Wall Street is poised for another big day tomorrow as reports circulate that the other half of the Republican moderate caucus, Maine's Sue Collins, may also give the Democrats a vote on health reform.

Can South Carolina's Lindsey Graham or Ohio's George Voinovich be next to jump ship? Imagine the fireworks!

Happy Days are certainly here again. Dow 20,000, here we come!

Just kidding, but the media and blogosphere are handling Snowe's "betrayal" in a fashion that is way over the top. Last night, MSNBC was wondering about the political consequences faced by Snowe. One shudders to imagine what the gang at Fox News was up to.

The reality: Snowe can serve the good people of "The Pine Tree State" as long as she doesn’t melt. The 62-year-old, three-term senator received 74 percent of the vote during her last election in 2006. She was elected to Congress in '78, and at that time ranked as the youngest GOP woman to win a House seat. As wife of two-term former Governor Jock McKernan, Snowe is as close to royalty as it gets in Maine.

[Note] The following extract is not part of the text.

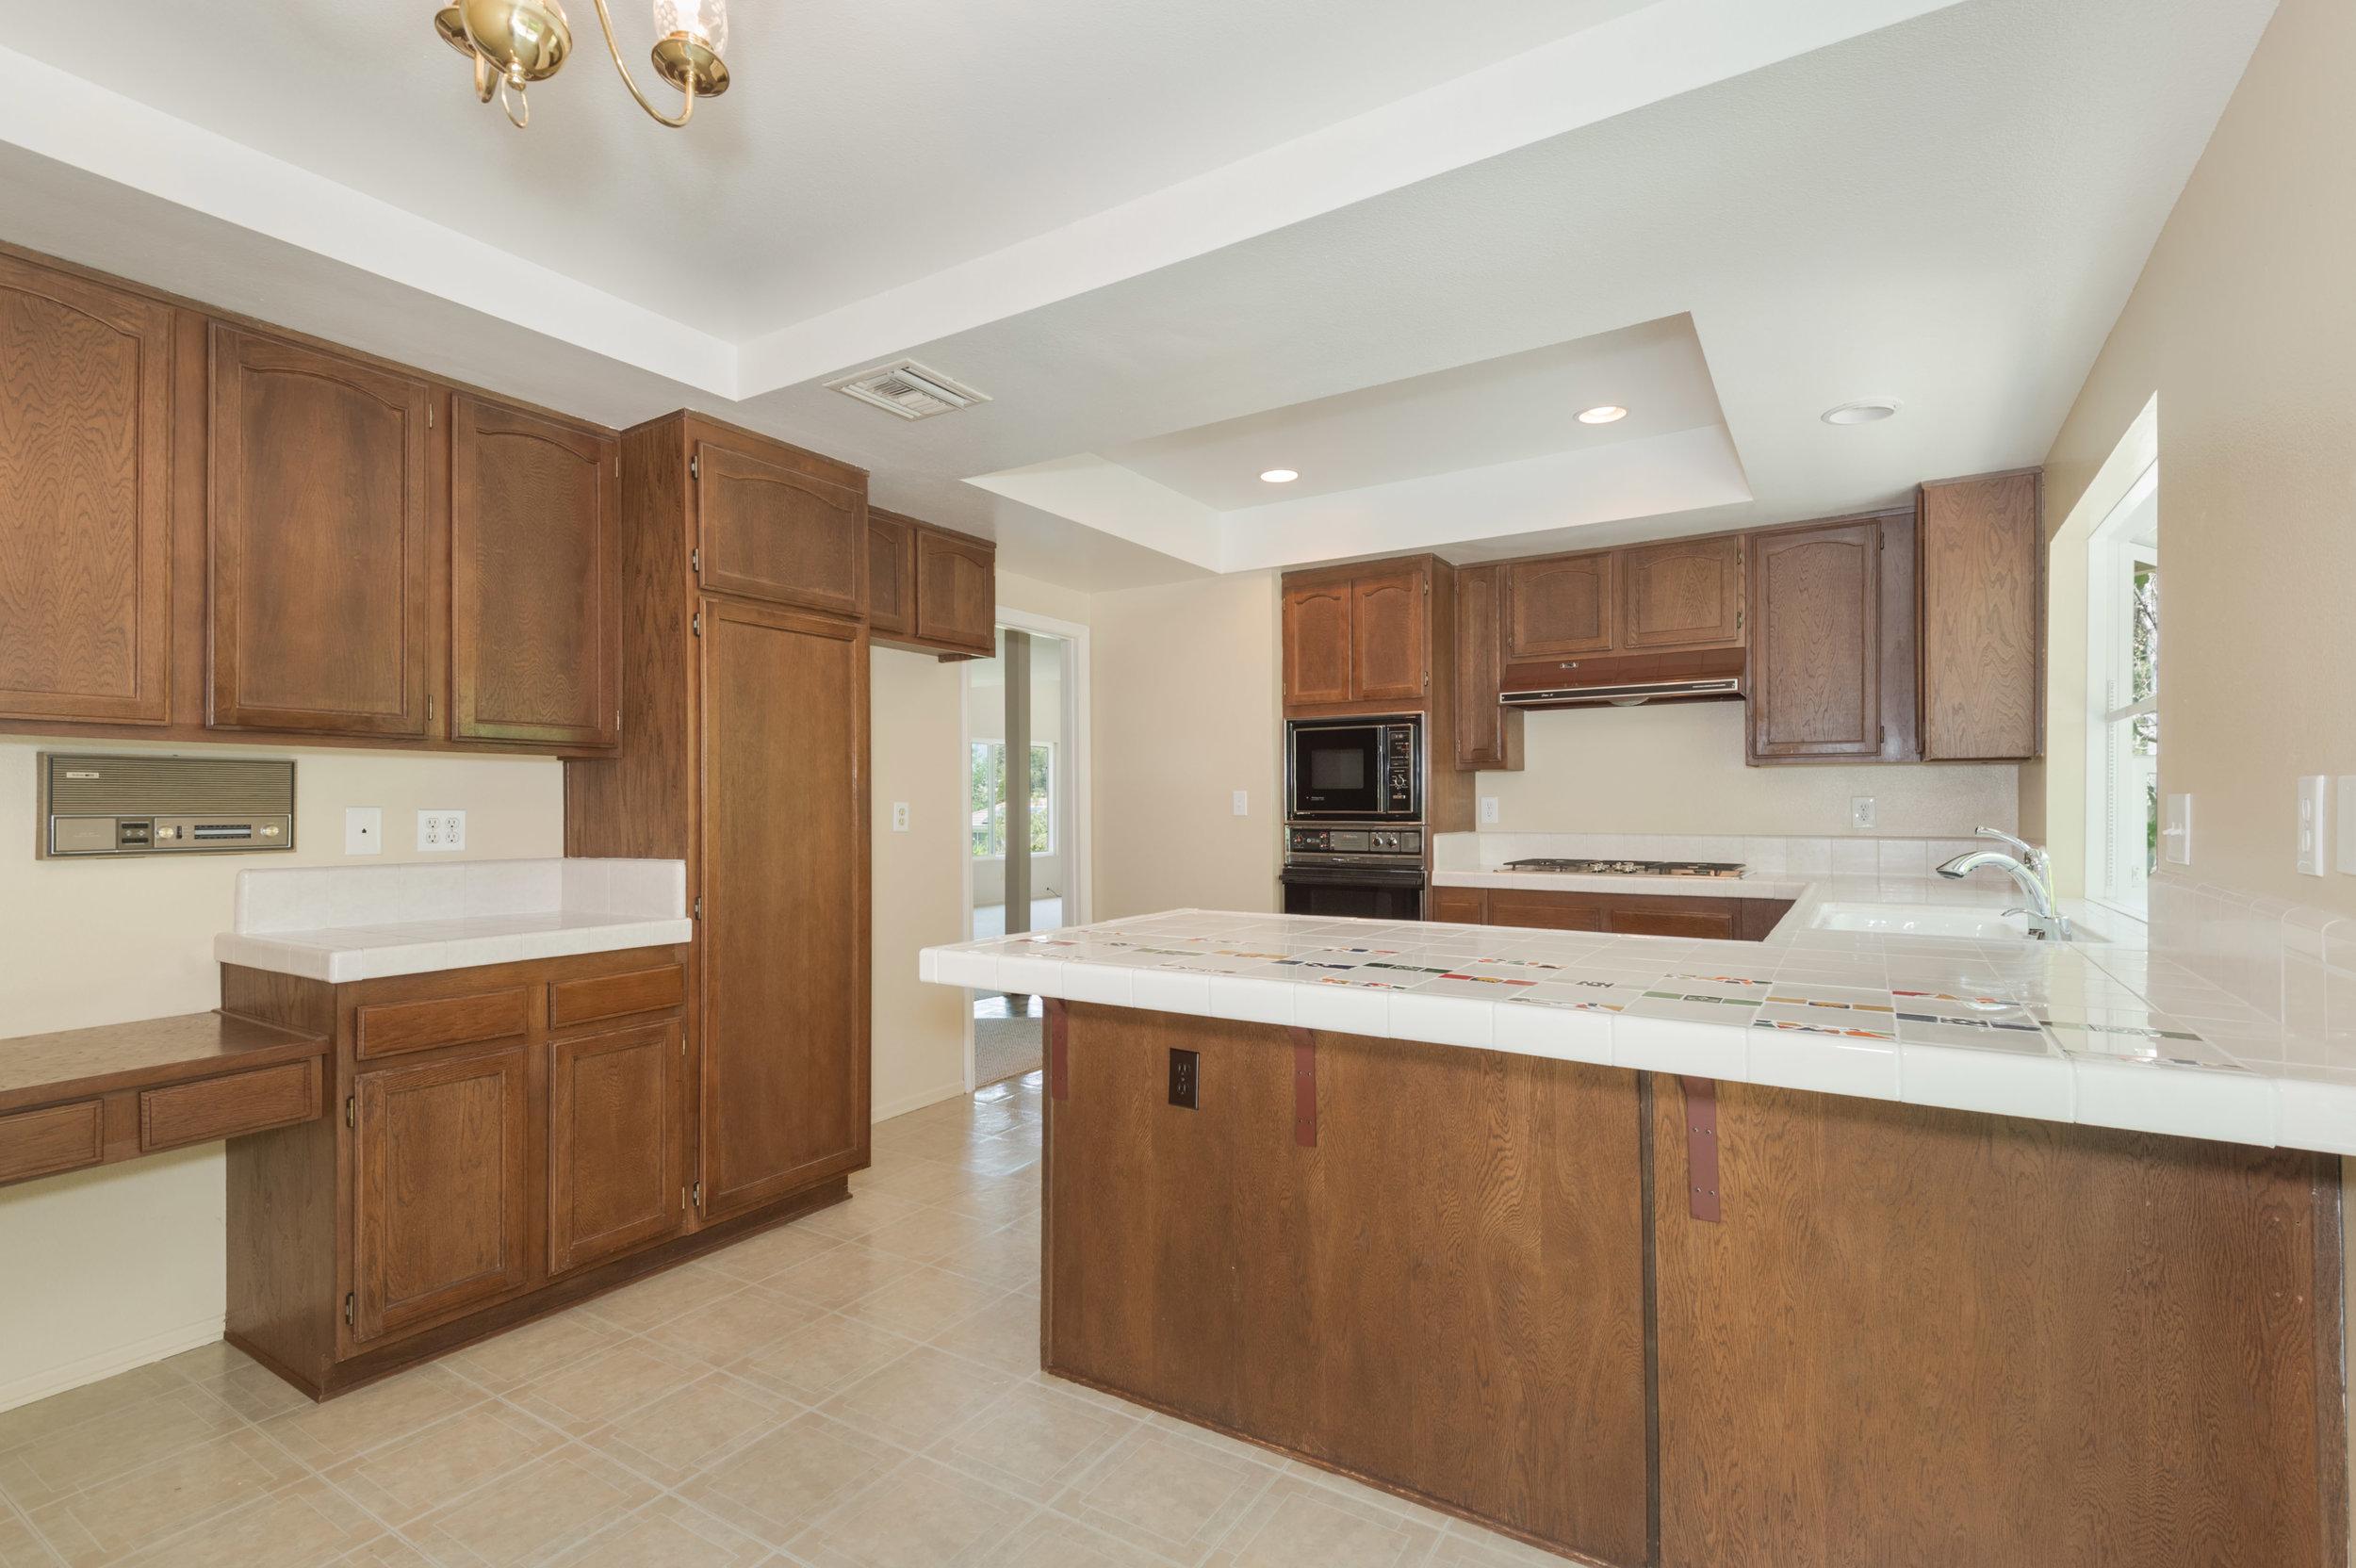 011 kitchen 8832 Moorcroft Avenue West Hills For Sale Lease The Malibu Life Team Luxury Real Estate.jpg

Collins enjoys a similar political pedigree. She was first elected to the Senate in '96 and grabbed 61 percent of the vote in '08. Collins' parents both served as Mayor of Caribou, Me. Her roots are deep.

Snowe and Collins fret little about political retribution. It's too bad they can't be cloned.

President Obama is wrong to crow about Snowe's single vote as a show of "bipartisanship." Republican National Committee chairman Michael Steele is correct to say one vote does not bipartisanship make. Neither do a handful of others from the ranks of the 40 GOP Senators on Capitol Hill.

The U.S. will be in a much better place when party lines are not as rigid as they are today. Politics does not always have to be a blood sport. A legend like Ted Kennedy is remembered because he was not out to destroy political rivals.